Once the recording has been preprocessed, it is fed into a program that runs it against the TensorFlow model. The model’s variables are loaded into the CNN and the new (preprocessed) audio clip is passed through it from start to finish. The weight variables will take this new input and manipulate it until it reaches the one-hot vector/array at the end of the fully-connected layer. The array index with the largest probability is used as the final predicted bird species.

Demonstration

Using the Edison-powered recorder, we managed to capture a few additional Crow and Barn Owl sounds for demonstration. These were sent from the Edison to a server of our own via FTP.

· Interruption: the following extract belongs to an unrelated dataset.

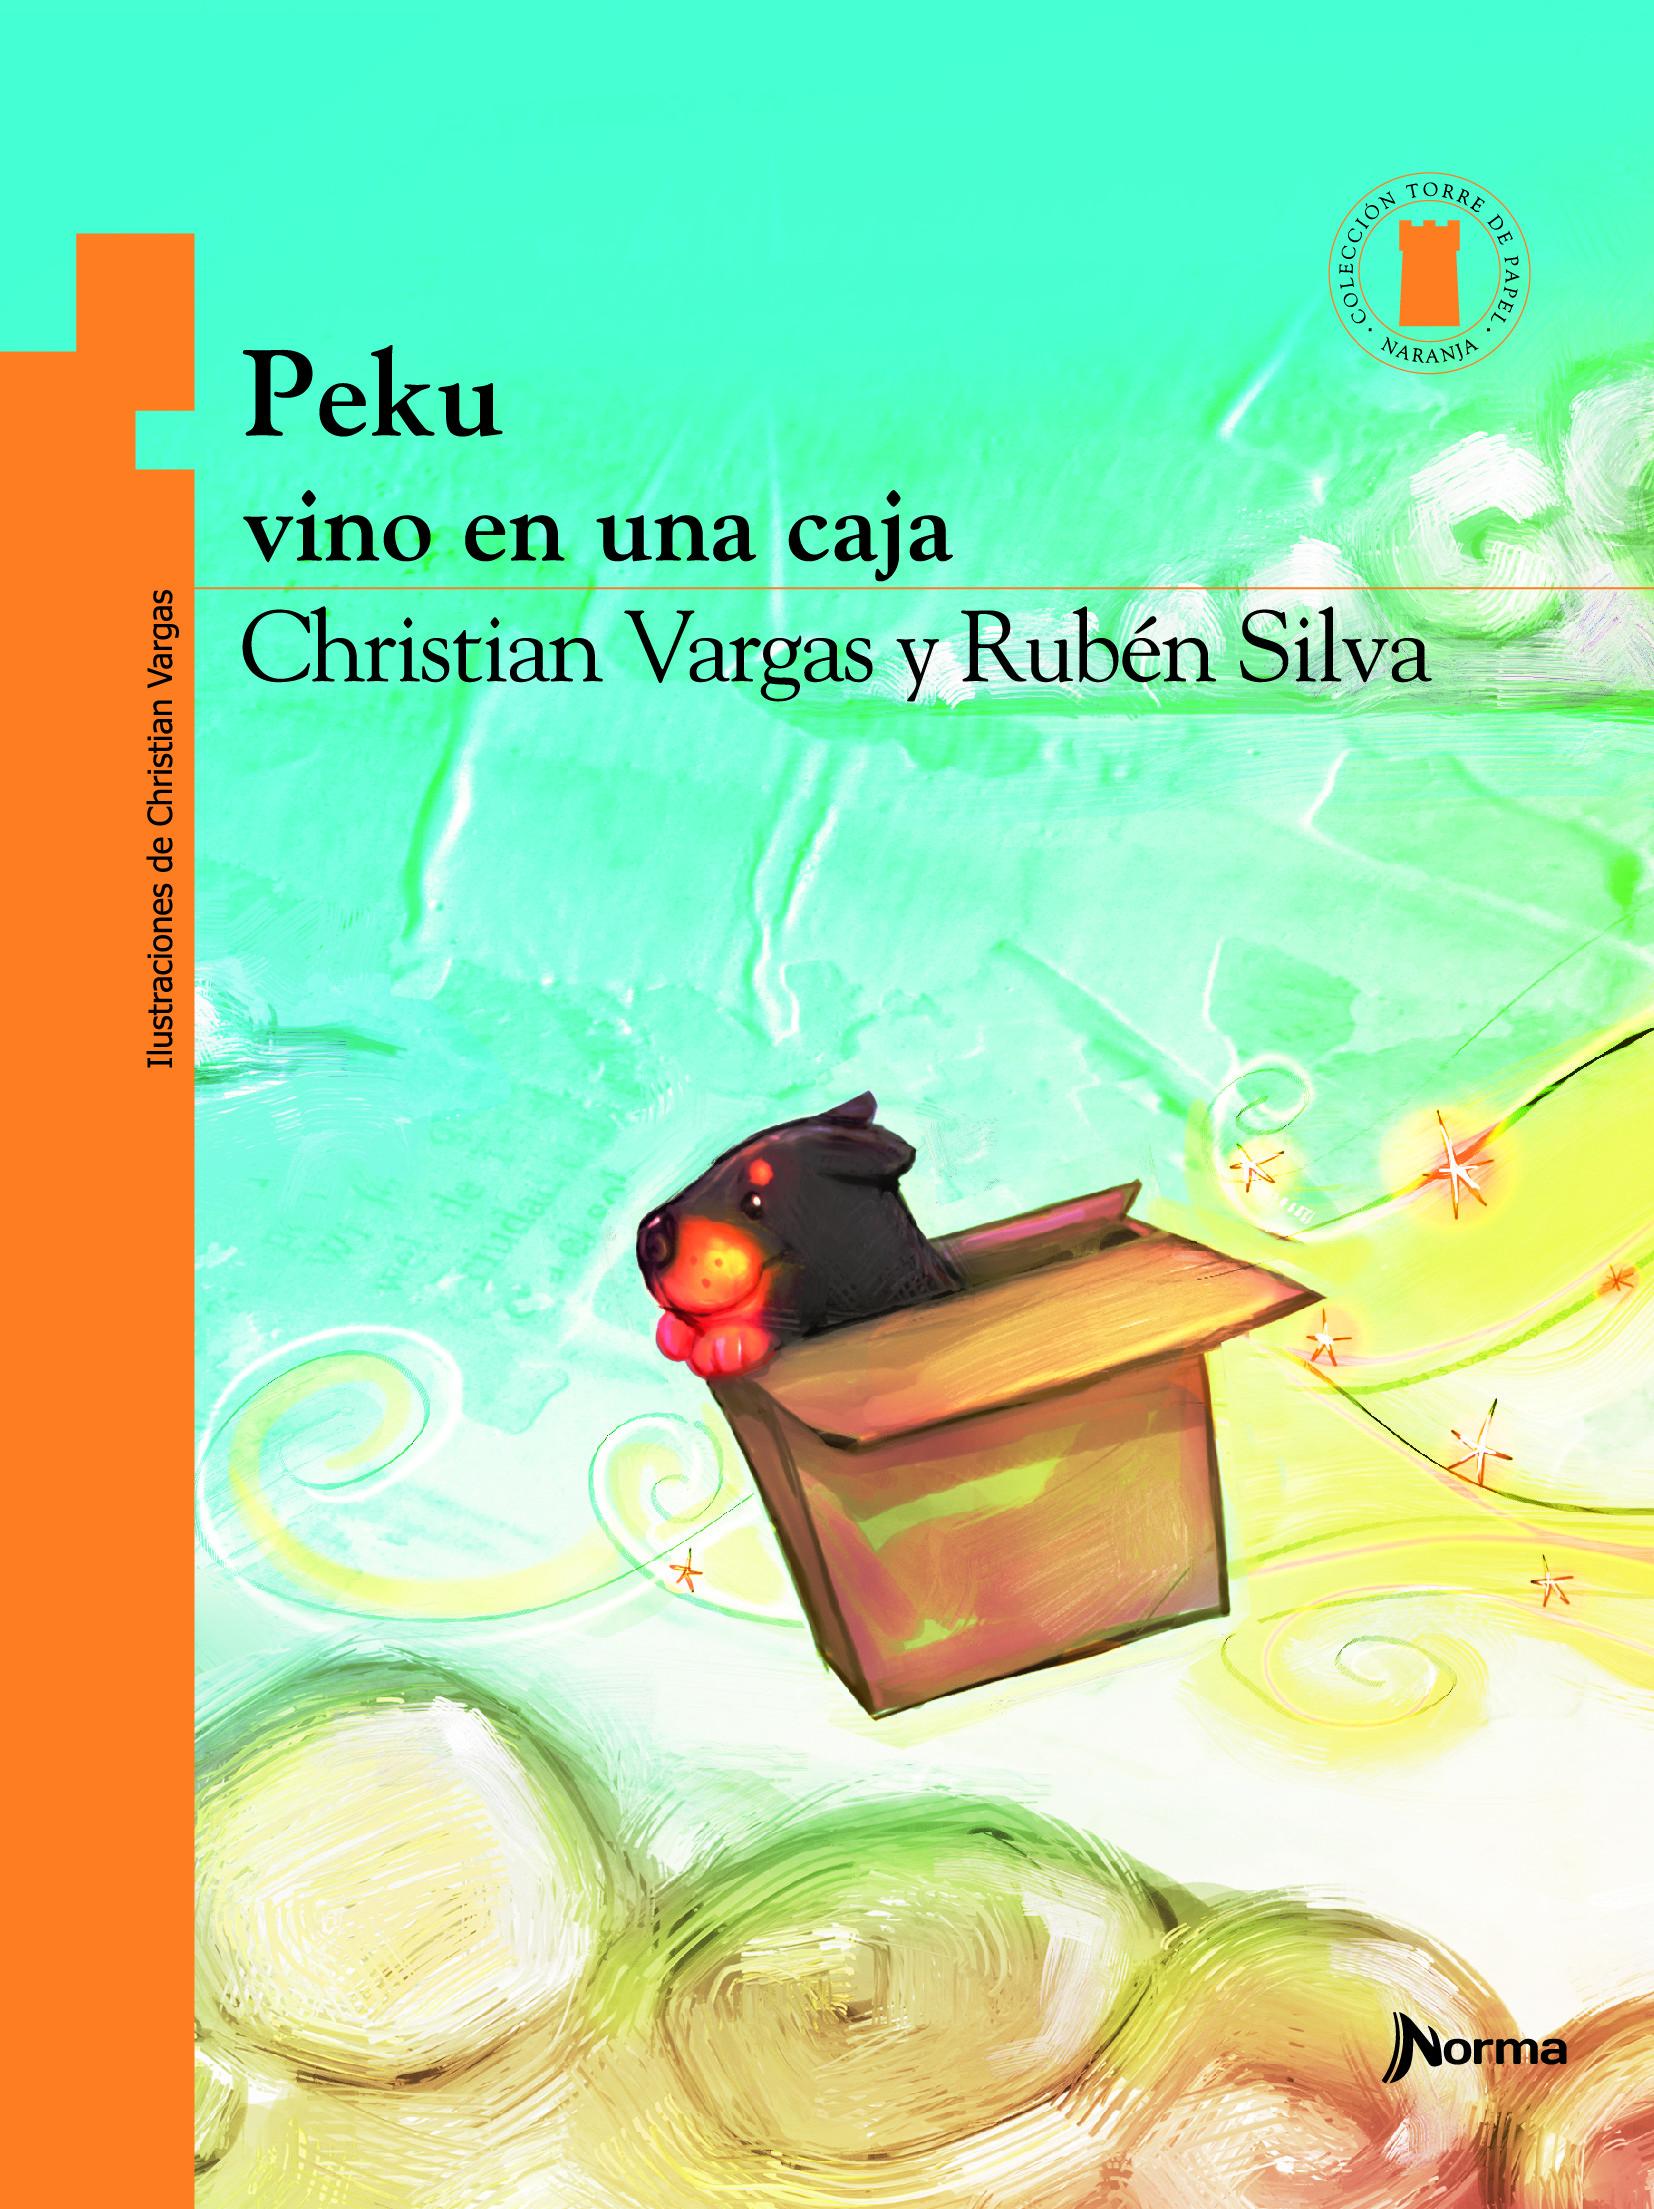 Peku vino en una caja

A demonstration of the system is shown in the video below. The video depicts .wav files being delivered to an ‘/upload’ folder from the Edison. The script (in the command line) identifies, preprocesses, and makes a prediction upon the audio before moving it to the ‘/predictions’ folder in an .mp3 format so the user can see what prediction was made and listen to the sample. Barn Owl and Crow samples were uploaded to the server and both correctly identified.

Demonstration video.

A simplified version of the script used in the video is as follows:

# Files and directories
edison=./edison
uploads=${edison}/uploads
predictions=${edison}/predictions
temp=${edison}/preprocessed
echo "Listening for new .wav files..."
while true; do
  for file in ${uploads}/*.wav; do
    basename=`basename ${file}`                     # $file => example.wav
    filename=`echo "${basename}" | cut -f 1 -d '.'` # example.wav => example
    tempfile=${temp}/${filename}.mp3
    # Preprocess
    sh preprocess.sh ${file} ${tempfile}
    # Predict
    predict=`python3 predict.py ${tempfile} | grep -o 'Predict -.*'`
    # Store prediction in ./edison/predictions
    store=${predictions}/${filename}_${predict}.mp3
    sox ${file} "${store}"
  done
done

All data and code used to perform these predictions can be found within the ‘predict’ directory of the BirdCNN repository accessible in the Code section of this documentation.

Future Developments

While this system focuses on bird identification through predictive modelling, future developments of the system could include data localisation for fully automated bird migration tracking. Fleets of the Edison hardware could be placed around woodland areas across the country/world, constantly identifying the surrounding birds and tracking when they pass by the individual units to track how birds migrate with minimal human involvement.